# Poll - What color is best for Glycine Airman 22?



## r3nola

White Black or Blue


----------



## Deacon211

I think the Black has the highest contrast which is what attracts me to it. I really love the colors of my SST 12 in blue, but the orange numbers just don’t stand out the way white on black would.


Sent from my iPad using Tapatalk


----------



## endotreated

Blue then black


----------



## r3nola

endotreated said:


> Blue then black


Yes I am torn between blue and black. They are available today on Mass Drop - apparently at an excellent price. I think I would like to get one. Let's see some more opinions please.


----------



## hedd

It's a complete toss up for me. I've always wanted blue because the day-night fade makes so much sense, black is the most practical and looks clean and great, white is extremely sharp and striking on the wrist. Also white has the only strap I would use.

At this very moment I lean toward blue.


----------



## r3nola

Deacon211 said:


> I think the Black has the highest contrast which is what attracts me to it. I really love the colors of my SST 12 in blue, but the orange numbers just don't stand out the way white on black would.
> 
> Sent from my iPad using Tapatalk


Yes I see what you're talking about, I think the black stands out a bit more from the stark contrast.


----------



## r3nola

hedd said:


> It's a complete toss up for me. I've always wanted blue because the day-night fade makes so much sense, black is the most practical and looks clean and great, white is extremely sharp and striking on the wrist. Also white has the only strap I would use.
> 
> At this very moment I lean toward blue.


Yes agree with the blue on the Purist because its 24 hour per revolution the fade makes perfect sense.

If I got this right, and I'm no expert, the GMT model I understand has a 12 hour sweep so maybe the fade not so much sense. I find the three time zone on a 24 hour dial with a 12 hour sweep rather confusing. Am I looking at the GMT correctly?


----------



## endotreated

Get the blue, there’s a million black watches and you’ll have a ton. That’s a nice unique blue


----------



## eljay

r3nola said:


> Yes agree with the blue on the Purist because its 24 hour per revolution the fade makes perfect sense.
> 
> If I got this right, and I'm no expert, the GMT model I understand has a 12 hour sweep so maybe the fade not so much sense. I find the three time zone on a 24 hour dial with a 12 hour sweep rather confusing. Am I looking at the GMT correctly?

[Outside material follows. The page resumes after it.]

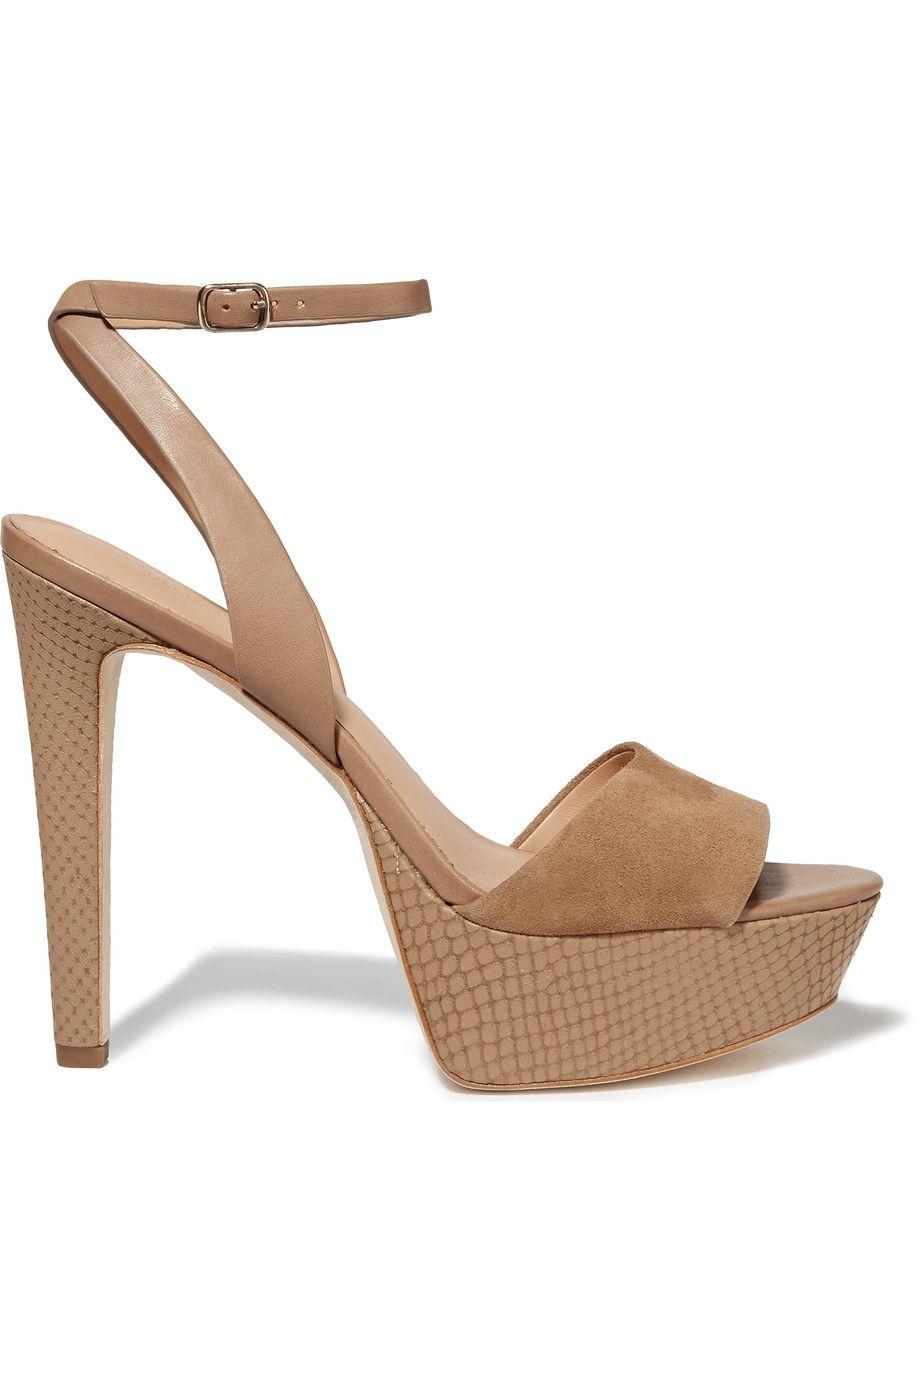 6d0634a6075 HALSTON HERITAGE Bobbie Leather And Suede Sandals. #halstonheritage #shoes # sandals
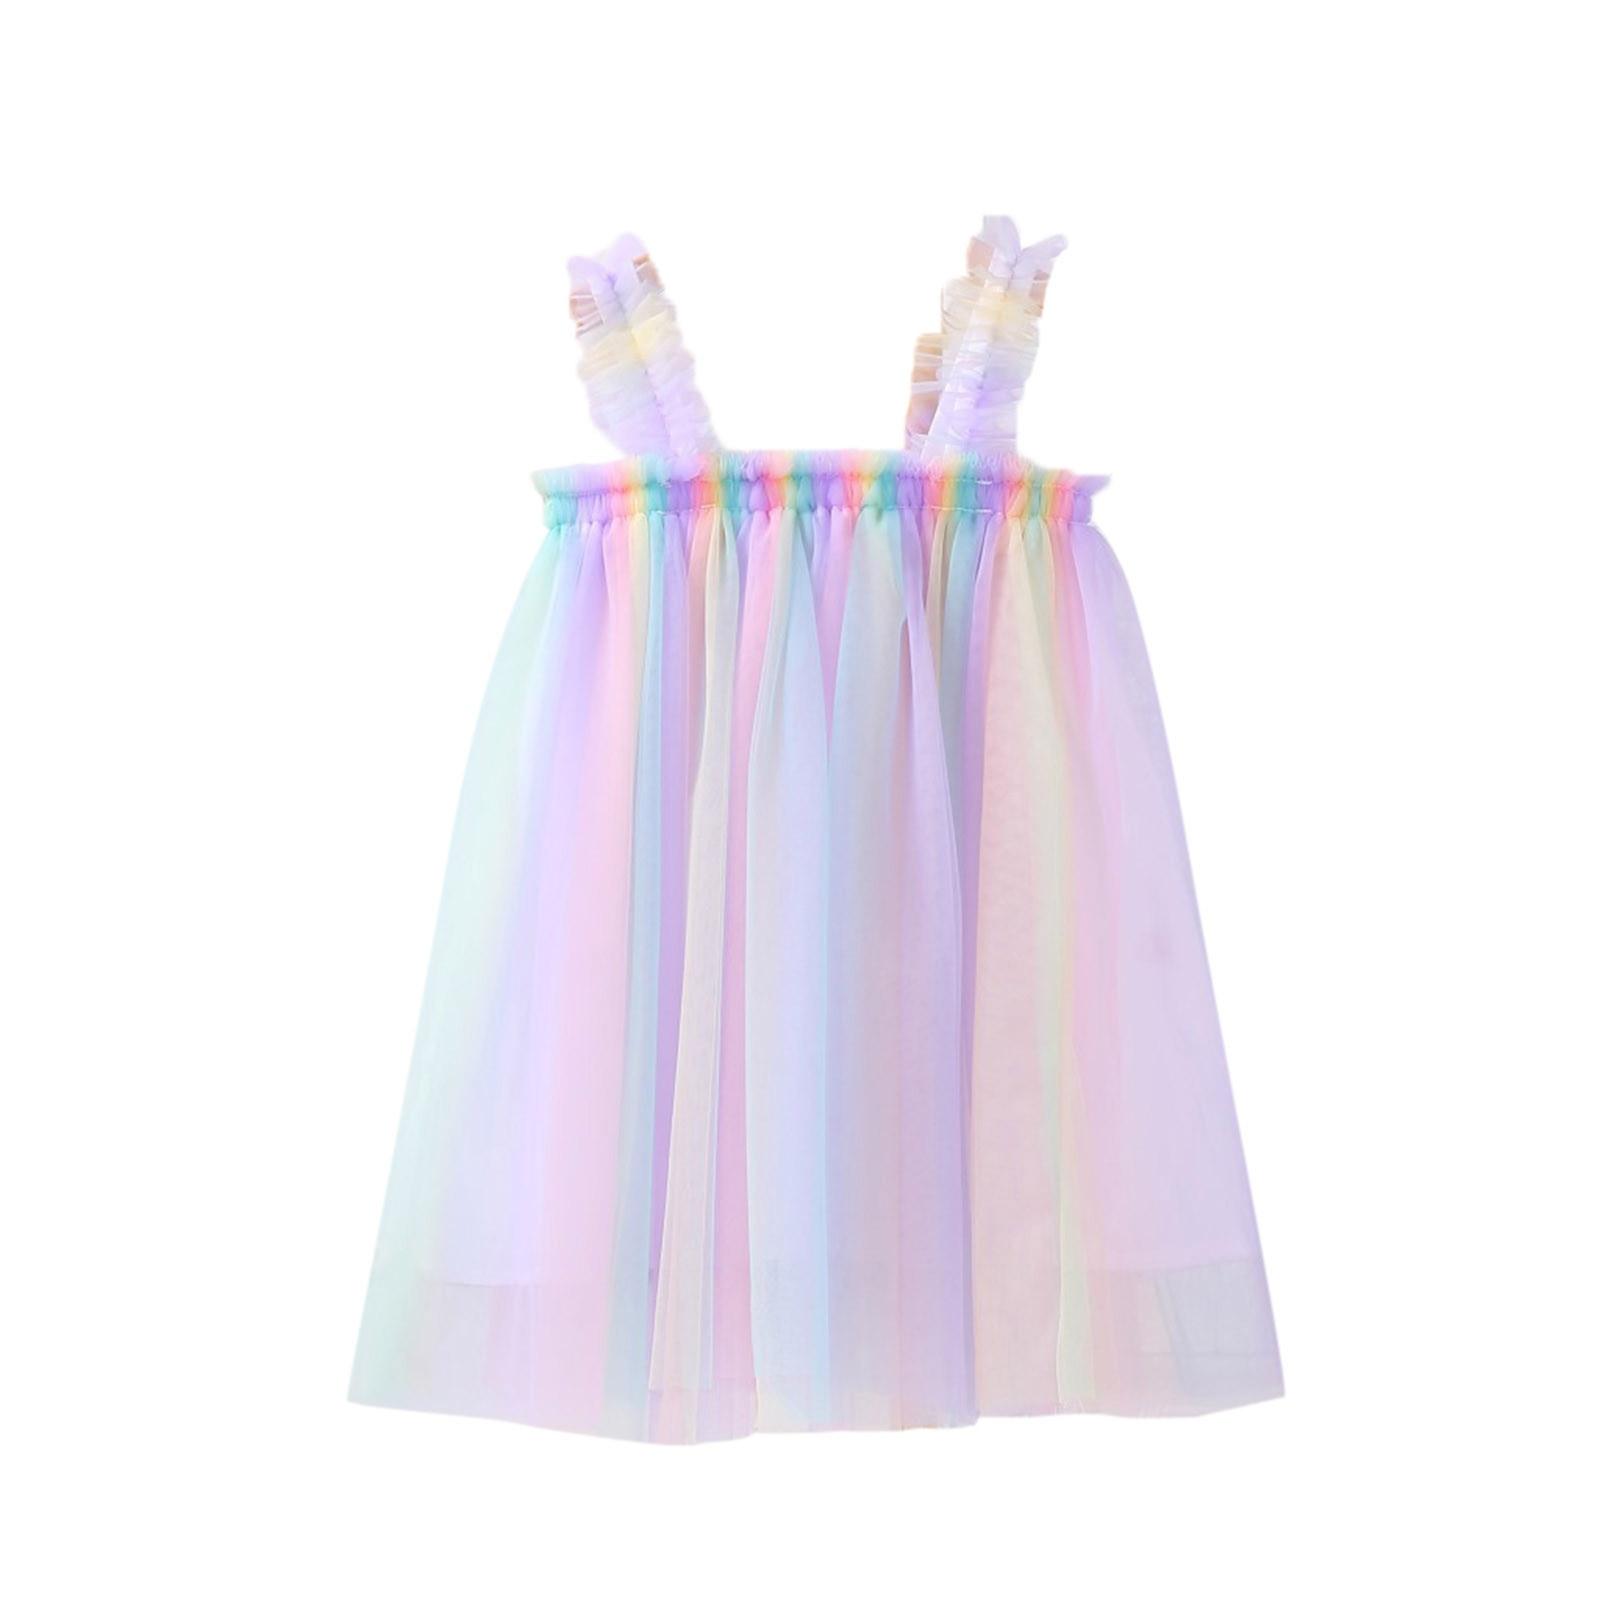 Toddler Baby Kids Girls Strap Sleeveless Tulle Dress Princess Dresses Clothes платье для девочки Summer Baby Girl Dress 2021

I have a Base-22 GMT and would recommend the Purist for the reasons you suggest. Also, it's tricky to read the 12hr hand on a 24hr dial, even with the stick indices at the standard 12hr positions.

I find the blue dial to be the most interesting.


----------



## wmshell

Hi r3nola,
I have a Base 22 Luminous. It is very easy to read at a fast glance, because of the black hands on the Yellow'ish background. I find the luminous (white) hands on the white background harder to read when glancing at a watch. I know the Luminous model wasn't one of your choices, but I thought I would throw in my opinion.
The best to you on your choice,
Bill


----------



## yankeexpress

In this case, the blue is the most distinctive.


----------



## Tonystix

Black


----------



## mdrtoronto

I may as well be the only one, but I have a black sst and a white base 22, and I love and prefer the white, one of my top favorite watches.










Sent from my SM-T820 using Tapatalk


----------



## dart1214

Gradient blue


----------



## robrobsen

r3nola said:


> White Black or Blue
> 
> View attachment 13219125
> 
> 
> View attachment 13219129
> 
> 
> View attachment 13219131


Blue

Sent from my iPad using Tapatalk


----------



## Vetinari67

r3nola said:


> Yes agree with the blue on the Purist because its 24 hour per revolution the fade makes perfect sense.
> 
> If I got this right, and I'm no expert, the GMT model I understand has a 12 hour sweep so maybe the fade not so much sense. I find the three time zone on a 24 hour dial with a 12 hour sweep rather confusing. Am I looking at the GMT correctly?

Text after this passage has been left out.